* _Dataset excerpt_
-- Opening Marker --

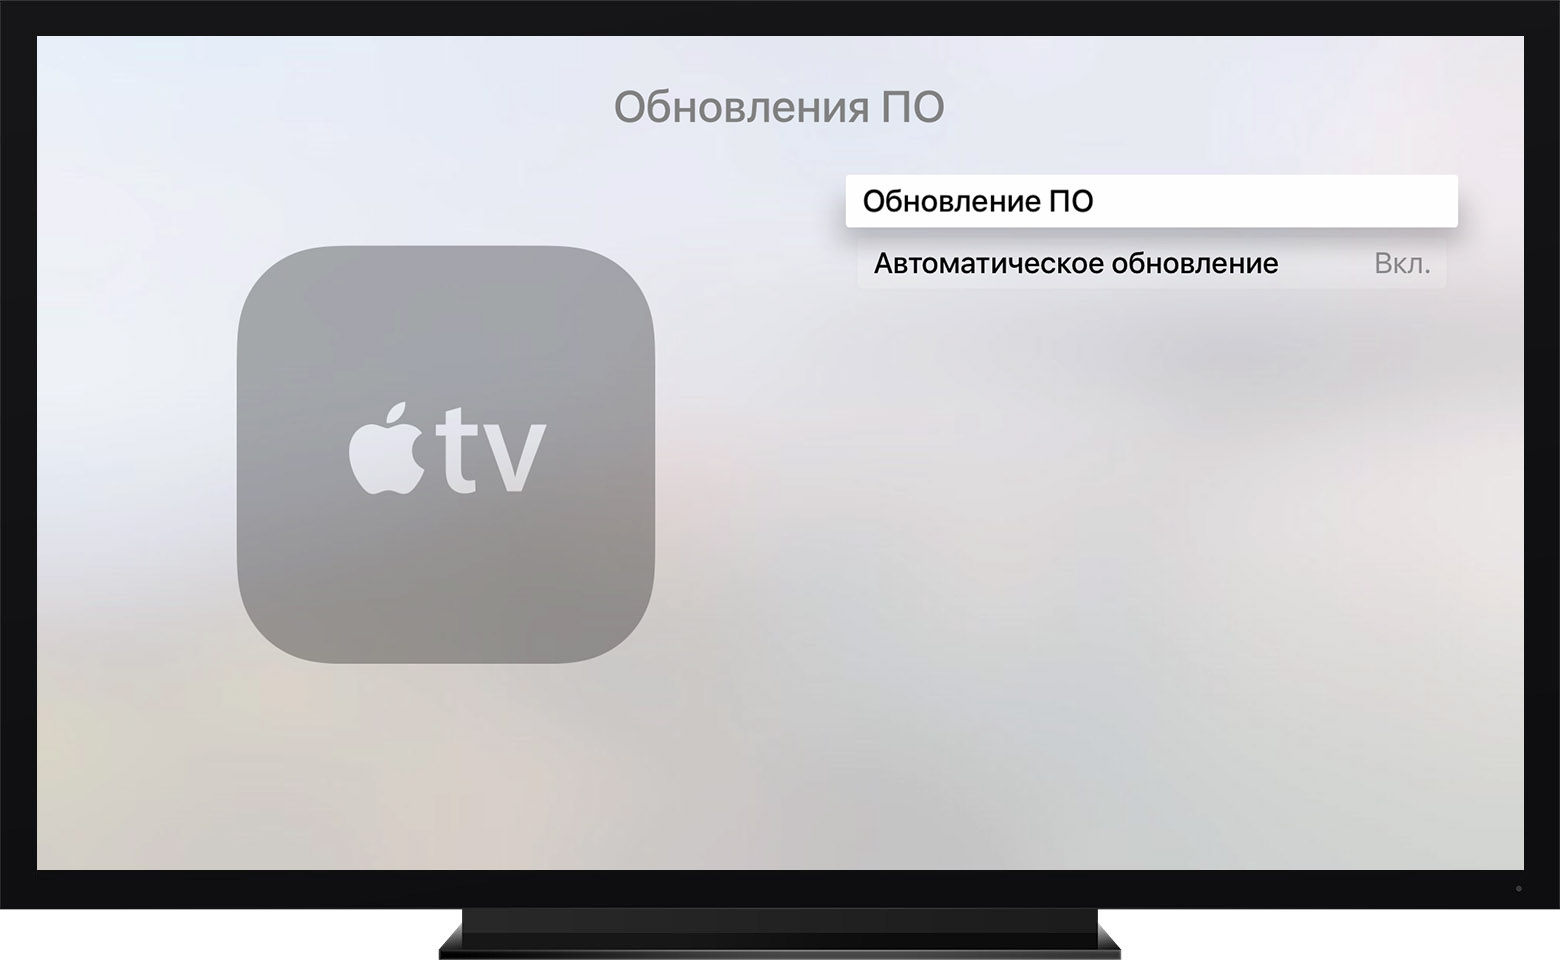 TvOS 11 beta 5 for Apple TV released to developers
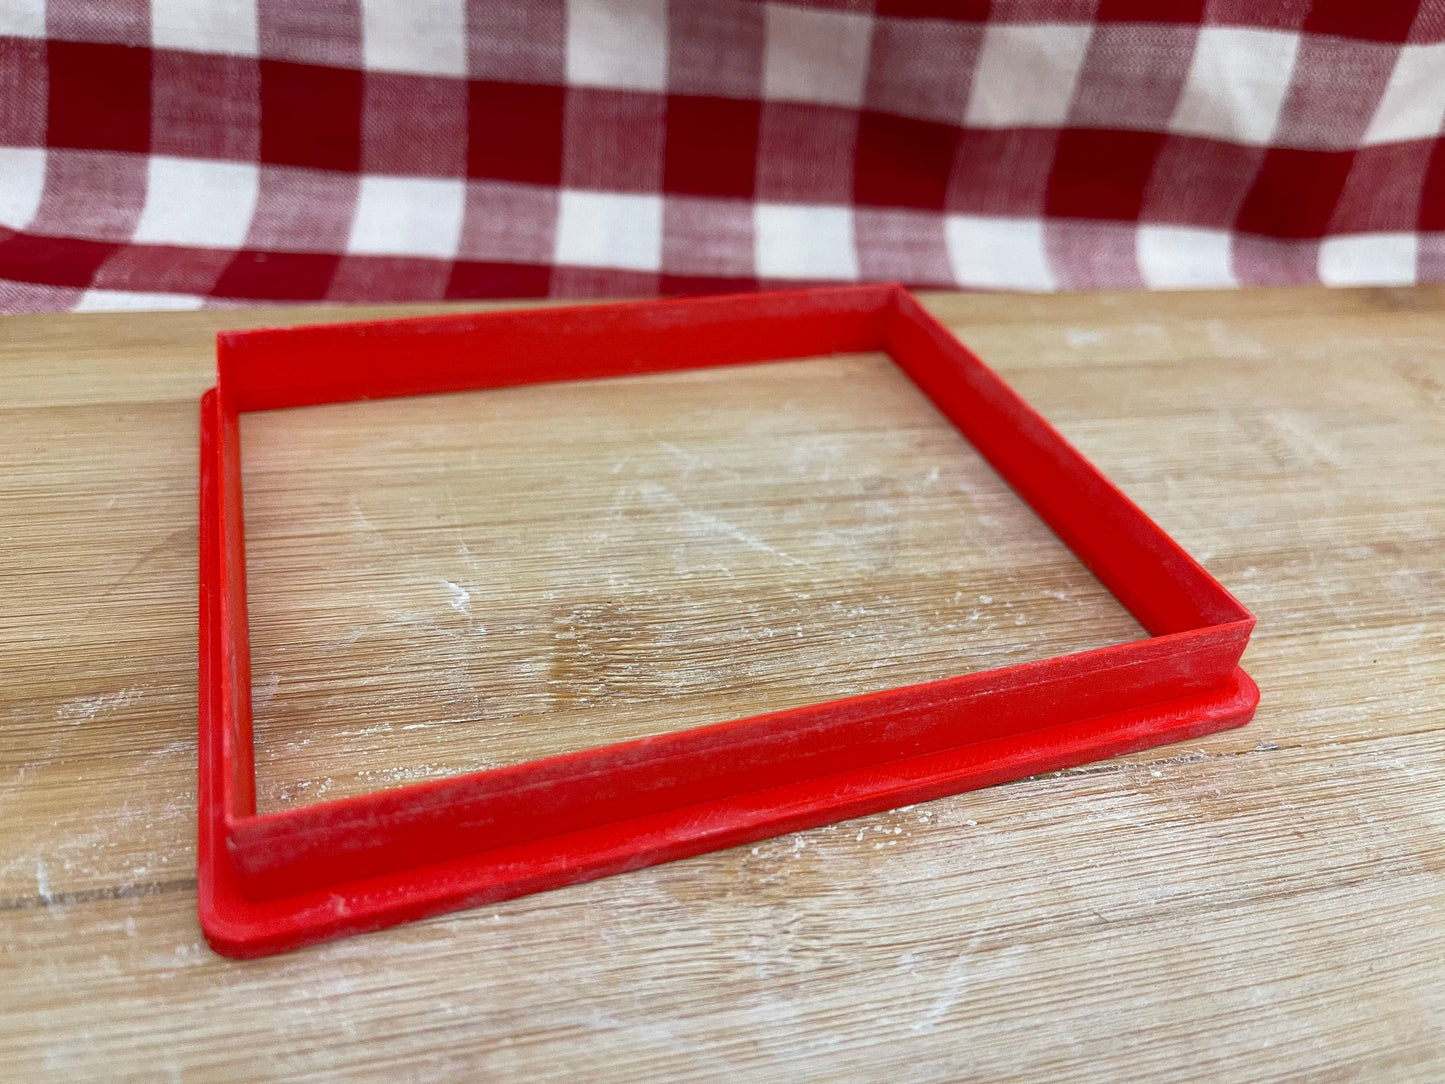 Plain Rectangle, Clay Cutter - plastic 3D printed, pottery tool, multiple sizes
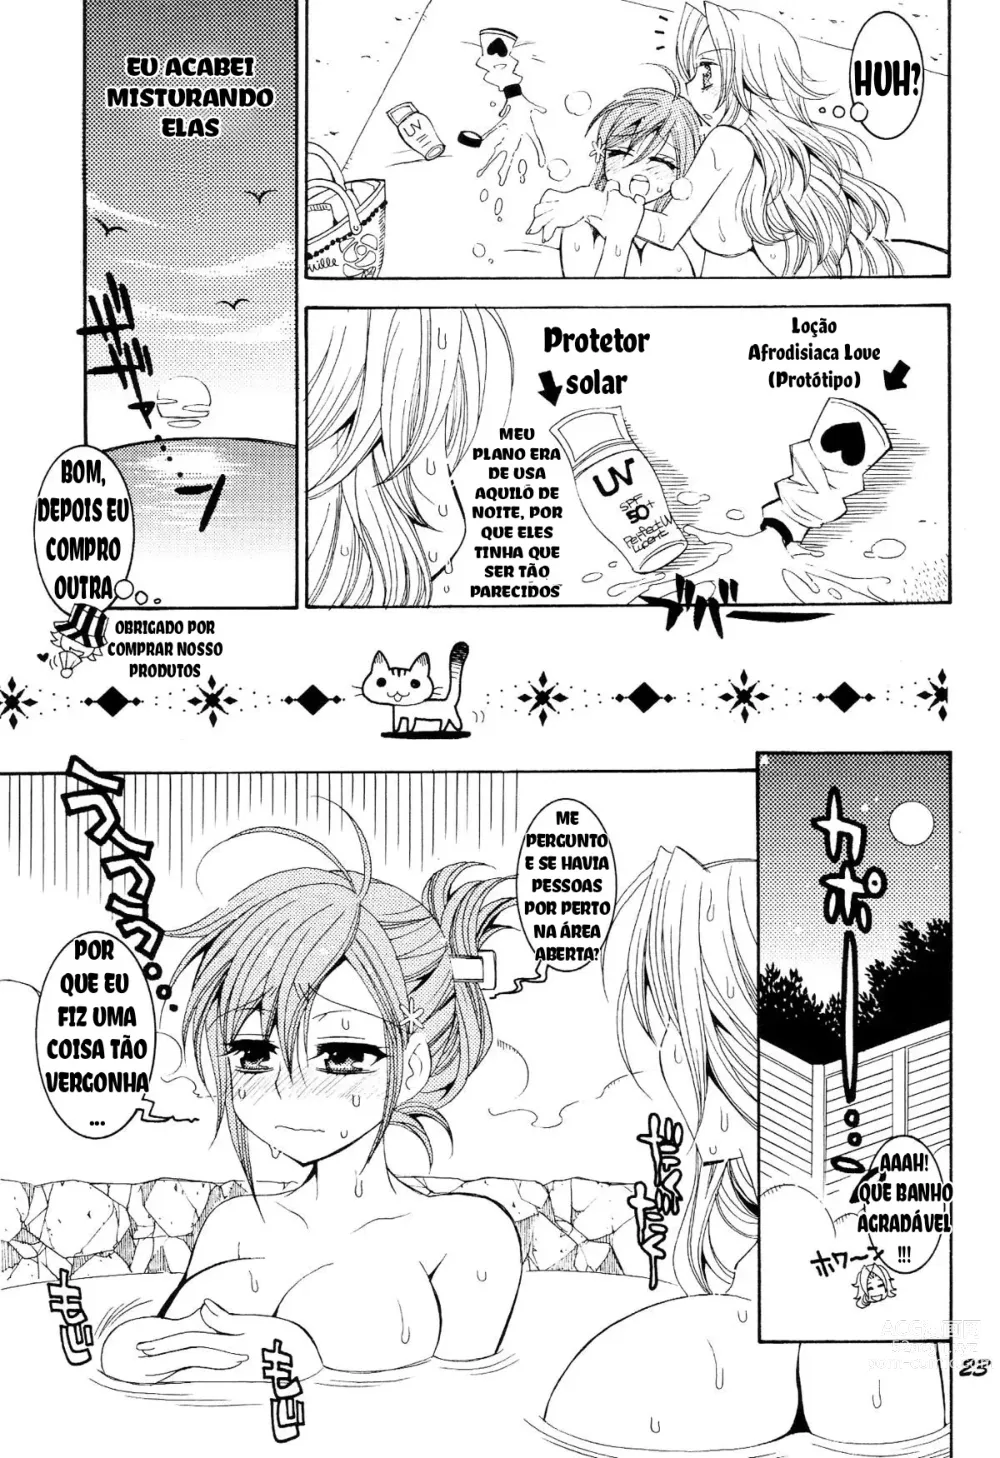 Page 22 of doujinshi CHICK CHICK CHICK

-- Closing Marker --

* _Task brief_
Your copy of the data should match it exactly, apart from the images, which are omitted.

* _Exercise result_
 TvOS 11 beta 5 for Apple TV released to developers
 Plain Rectangle, Clay Cutter - plastic 3D printed, pottery tool, multiple sizes
 Page 22 of doujinshi CHICK CHICK CHICK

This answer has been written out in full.